Makale Özeti:
|
Edebî eserlerin, dillerdeki söz varlığını tespit etmede oldukça önemli bir yere sahip olduğu bilinmektedir. Yazar ve şairler, ürettikleri çalışmalarda dilin kendilerine sunduğu olanaklardan yararlanarak dil birimlerini üslupları ve görüşleri çerçevesinde işlerler. Böylece edebî değeri olan eserler ortaya çıkarken araç olarak kullanılan dile ait malzemeler de sunulmuş olur. Bu eserlerde çoğu zaman yeni kullanımlarla söz dağarcığının genişletildiği ve zenginleştirildiği görülür. Dolayısıyla edebiyatla ilgilenen sanatçıların söz varlığı oluşumuna katkıları yadsınamaz.

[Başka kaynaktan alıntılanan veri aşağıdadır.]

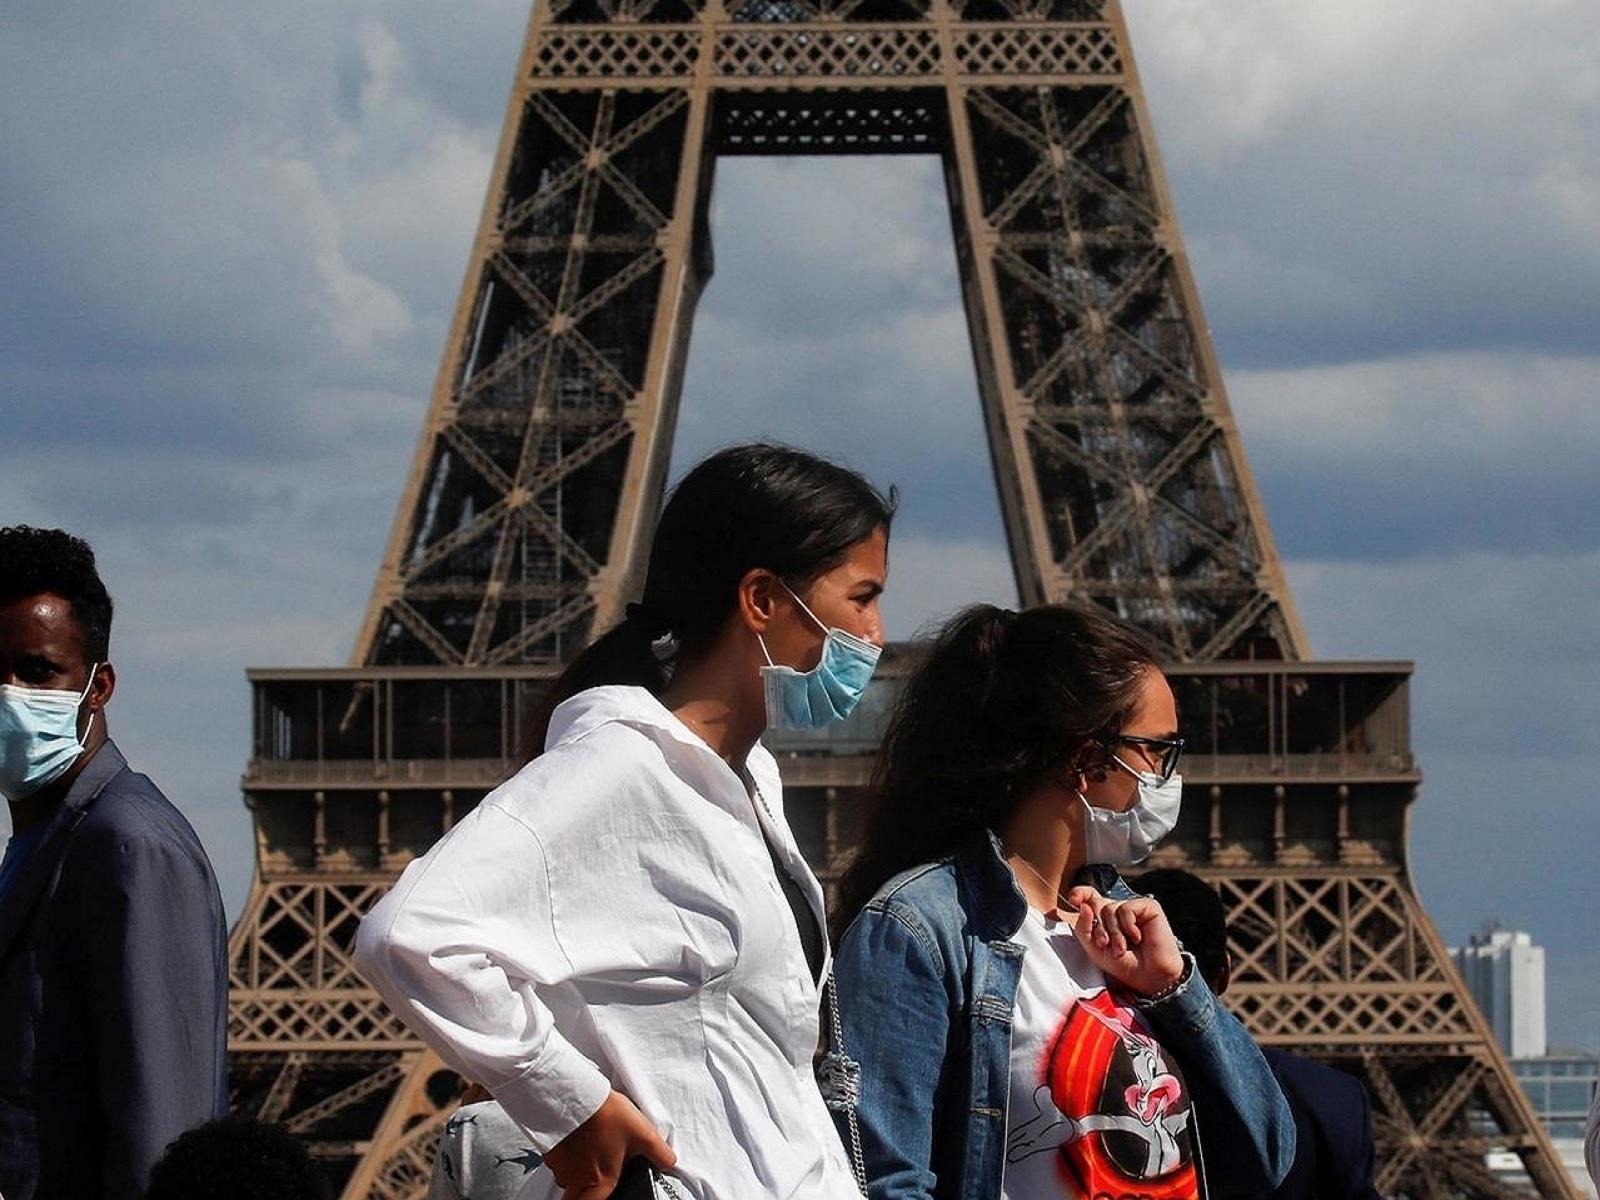 Γαλλία κορωνοϊός καραντίνα: Σε κατάσταση έκτακτης ανάγκης

Bu çalışmada da Türk edebiyatının önemli isimlerinden ve daha çok öykücülüğüyle tanınmış Oktay Akbal, örnek olarak alınmış ve ömrünün sonuna kadar olmak üzere elli yılı aşkın bir süre yazı yazan Akbal’ın öyküleri, Türkçe Sözlük’e katkıları bakımından değerlendirilmiştir. Çalışma kapsamında yazarın öykülerinde kullandığı ancak Türkçe Sözlük’te yer bulamamış sözcükler (noktalaşmak, telaşçı vb.), sözcük öbekleri (sokaklık elbise, hayal yıkıntısı, yorgun ölgün, geceler gündüzler dolusu vb.), deyimler (göz kulak kesilmek, yüreğine soğuk sular boşanmak, kurası gelmek vb.) ile sözlükte yer almakla birlikte öykülerde farklı anlamlar ya da görevlerle kullanılan dil birimleri (bücür, bildik, uyuklamak, gürül gürül vb.) ve sözlükte anlamı verilmesine karşın örneklerle somutlaştırılmamış bazı madde başlarına uygun cümleler (fındıkçı: Baş örtülü taze tam fındıkçıydı, her defa bir başkasiyle; vergi: Bu konuda Zekâi beyin de kendine vergi ne güzel fikirleri vardı, ne eşsiz buluşları? vb.) incelenmektedir. Bu anlamda yeni kullanımların tespit edilmesiyle Türkçe sözlük çalışmalarına katkıda bulunulması hedeflenmiştir.